Nikita was a busy woman, and this American culture was still new to her. It always would be. She hadn’t the tools to measure nuance here. That was someone else’s job. “Just be lucky he’s never been alone in a room with you, Sam Singh!… He hasn’t ever been alone with you, has he?”
“I don’t think so?” Sam asked.
Nikita visibly began to shake.
* * *
Charlie Walsh had an even harder time.
“Mom, you’ve got it wrong. Shelly was the one who went after Julia. Her family’s nice. She’s the nicest girl on the block. I like her. I’ve been over their house a hundred times,” he told Margie. She was sitting at the polished kitchen table, scrolling through a grant proposal for Habitat for Humanity.
“Can I tell you something?” Margie asked. “This is for grown-ups. It’s a grown-up matter. I know you think they’re good people. Maybe they are good people. But good people do bad things. That’s why it’s so awful.” Her tears had welled, as if from personal experience. “Look at what they come from. That song about heroin and cartoons. That’s a true story Julia’s dad sang, about his own life. That kind of history leaves scars, Charlie. It damages a person. Victims turn into predators… I know this from experience… Tell me the truth,” she asked, earnestly and for the ninth time, “has he touched your penis?”
“No, Mom.” Charlie backed away, one foot after the other, until he was out of the well-lit study, and in the dark hall.
He approached Sally Mom after that. “We have to stand up for them. They’re innocent,” he said.
Sally looked up from her papers, the model of practicality. She was shut up in her home office, her printer singing as it pooped out another land-use proposal. She did property law and he saw her for maybe a half hour a day. But he liked her. If they were strangers, he’d seek her out, and he had a feeling she felt the same. This wasn’t love, necessarily. It was that lucky thing you have when two people understand each other utterly.
“This isn’t our problem. If they didn’t do it, no one’ll file charges. We’ll all forget about it in six months. Not even Rhea Schroeder can hold a grudge that long when she’s in the wrong.”
“But someone threw a brick at them!”
“And the police have been hunting them down all morning. Let Margie Mom have her way on this. Trust me. This kind of accusation isn’t something people like us can fight.”
* * *
Dave Harrison sucked it up and approached both his mom and his dad. This wasn’t a pleasant endeavor. They really had divided the house with a black Sharpie marker.
He started with his dad, Tim, who hadn’t worked in years. Some days he was dizzy, other days he ached. There were fevers and chills. He’d been sick for so long that everything scared him. He was scared of public places and too hot days and anyone with a cough or head cold. He was especially scared of the hole—afraid it was radiating cancer. The doctors and Dave’s mom called it hypochondria. Long ago, they’d stopped believing his complaints, so he’d turned to hypnotists and aura readers and scammers who’d promised cures and never delivered. Dave didn’t think it was hypochondria. The old man really was sick. But after more than a decade of sharing his body with an enemy he couldn’t evict, he’d lost faith.
“It’s gone too far,” Dave said. They were in the den with the old, Scotchgard-covered couches made of chemicals that were now banned in forty states. His dad’s shoes had tracked bitumen everywhere. The floor was sticky goo.

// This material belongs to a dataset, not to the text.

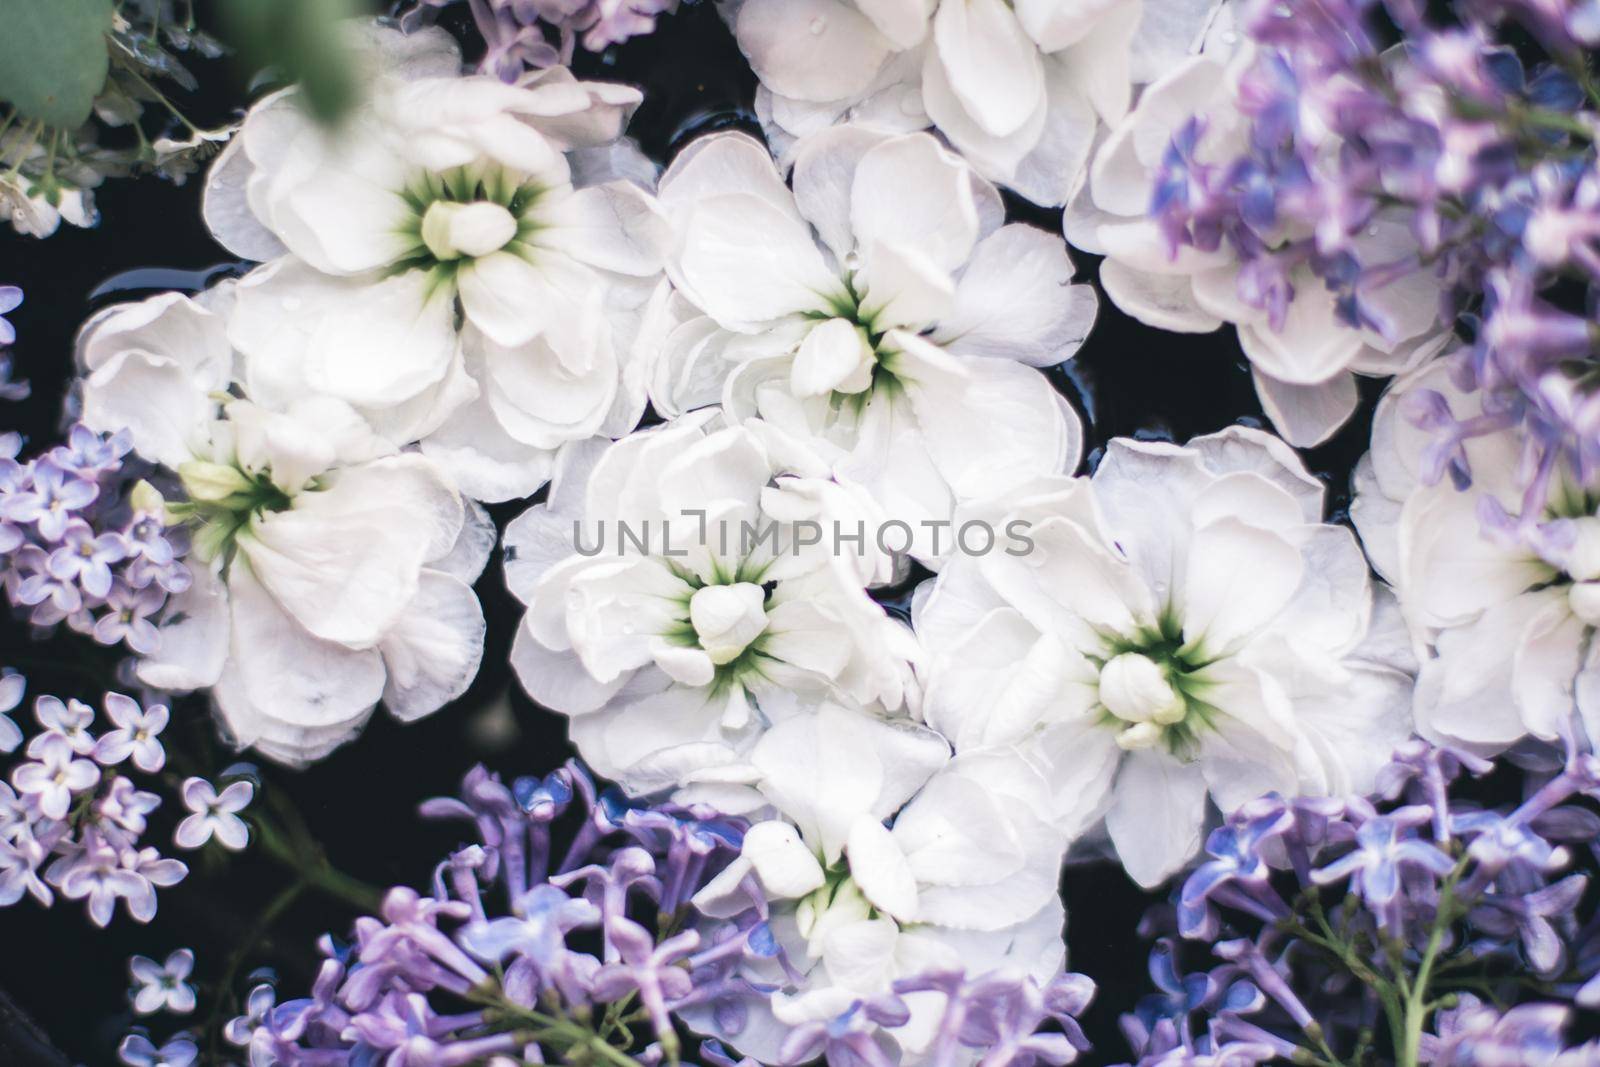 Pretty flowers in springtime - botanical backgrounds, spring and summer nature and dream garden concept. Floral beauty in bloom

This whole crescent was seeped with it.
Tim blew a lazy raspberry, eyes closed, as he lay on the couch. The only channel that got reception was local news. The static-riddled story was about a potential pedophile on Maple Street, implicated in Shelly’s death, whom sources claimed was the ex-rocker Arlo Wilde. The camera showed footage of the Wilde house, and of the hole, too. Nobody except Rhea Schroeder was available for comment. I can’t tell you anything for certain, she exclaimed, her eyes bright and fanatic. But there’s no way Shelly went out into that park, unless she was running from something.
“FJ Schroeder threw that brick, didn’t he?” Dave asked. “Were you there?”

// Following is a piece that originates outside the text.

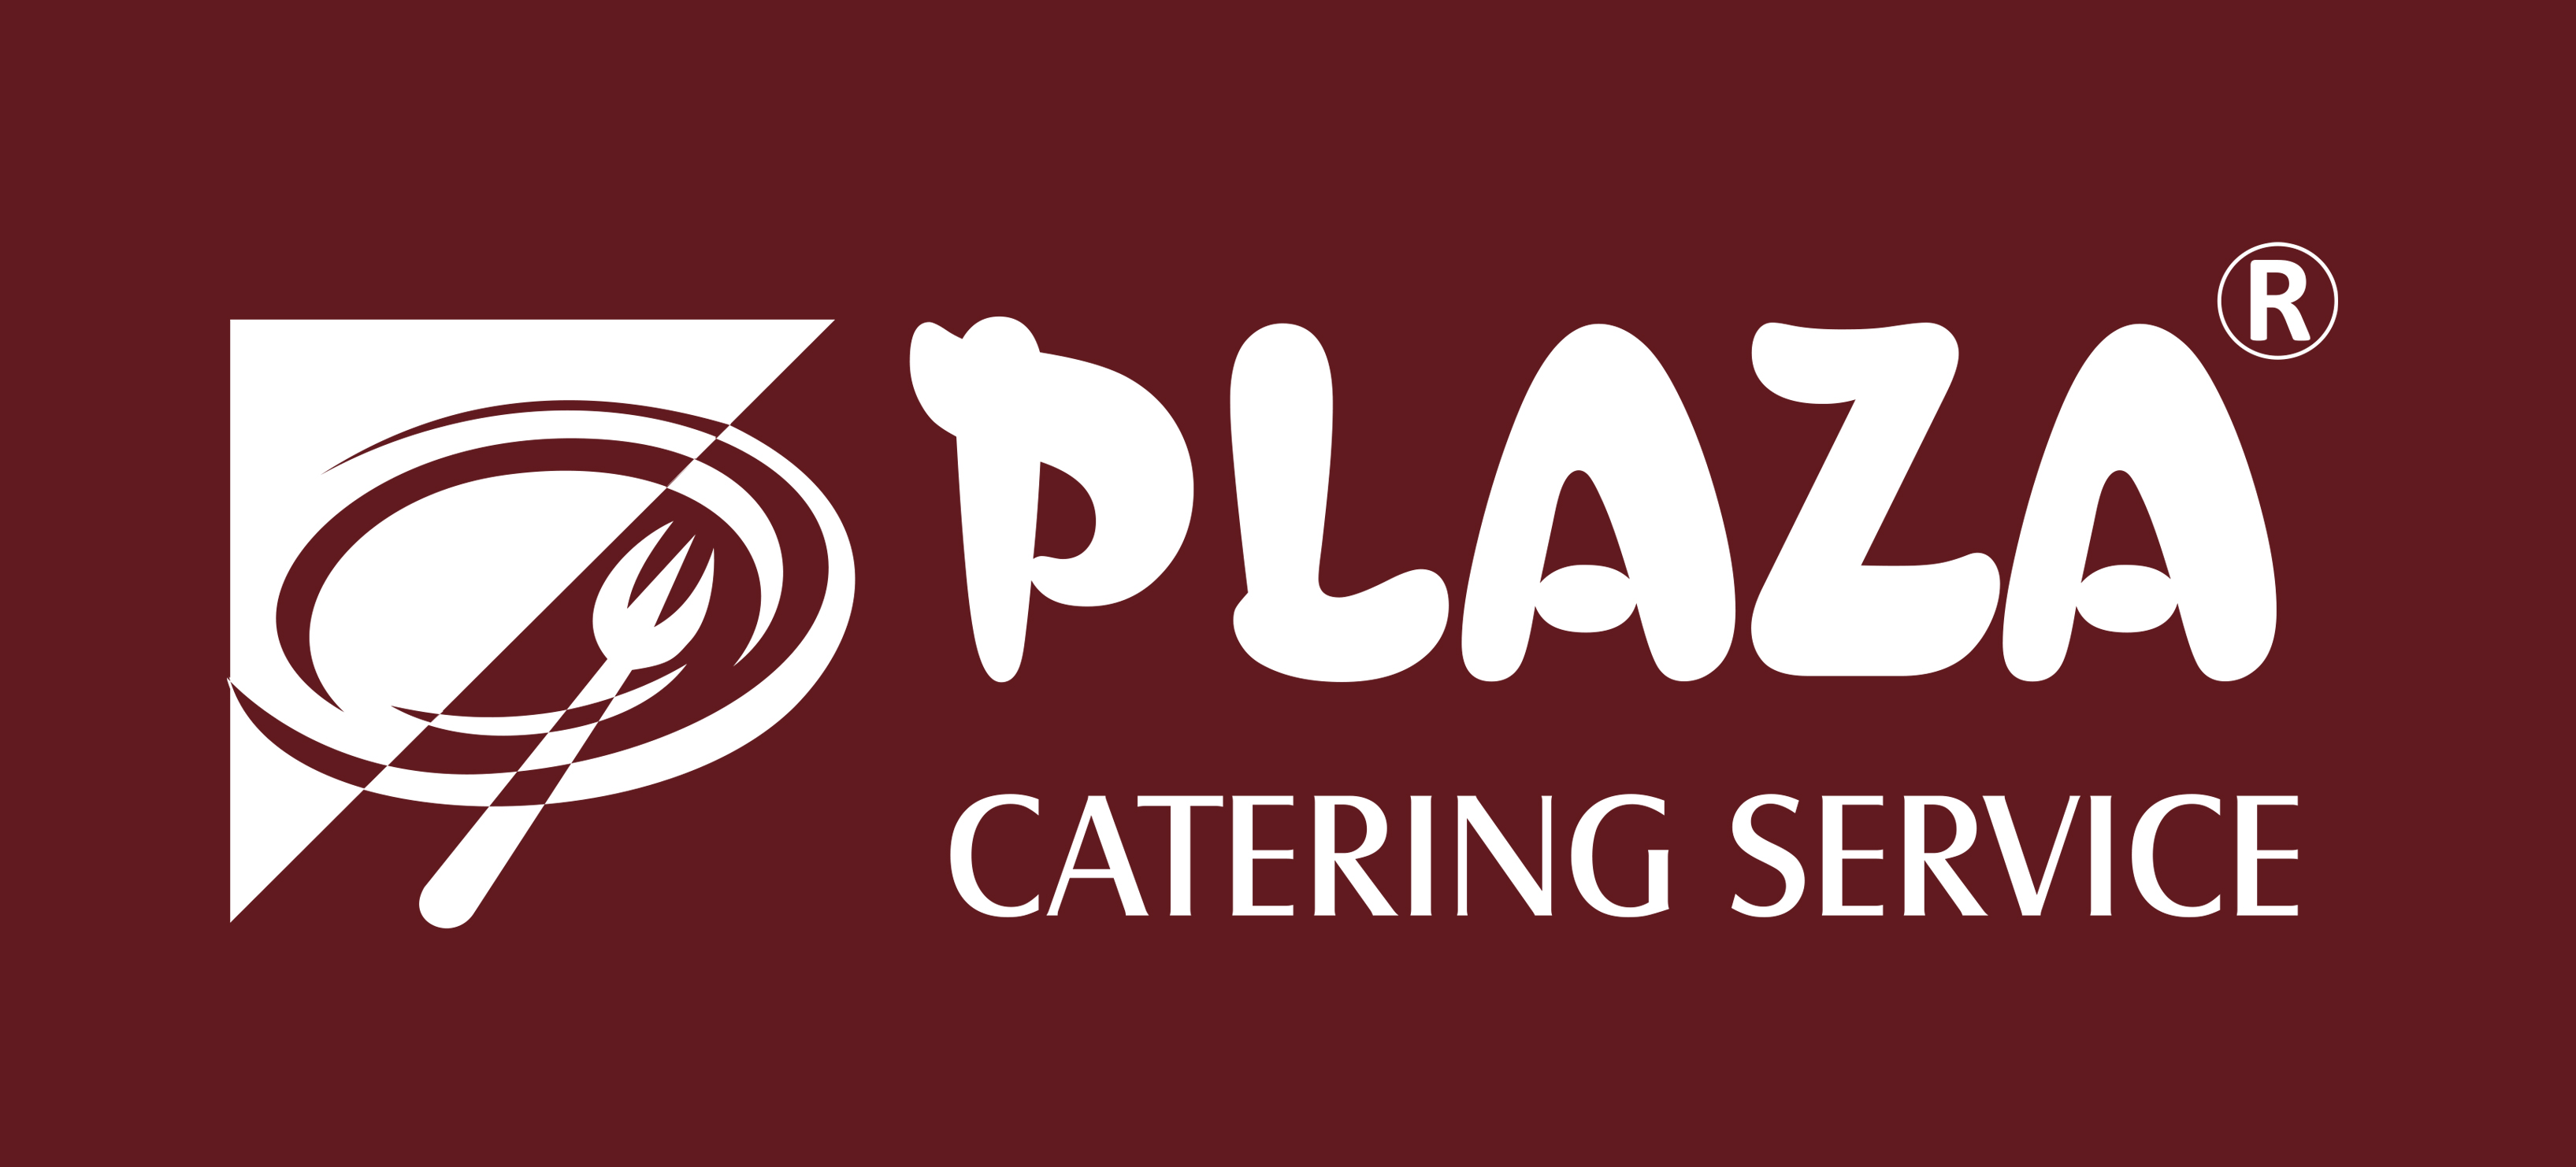 Plaza Catering|Photographer|Event Services

Tim’s face was puffy from the Chinese herbs his holistic healer had given him. He smelled like plum flower.
“God, Dad. I told you it was all a lie. What’s wrong with you?”
Tim finally opened his eyes: creepy green lights, focused on nothing, clots of luminescent sand oil in their crevices. “You don’t understand the kind of evil a person can do,” he answered. “I’m protecting you.”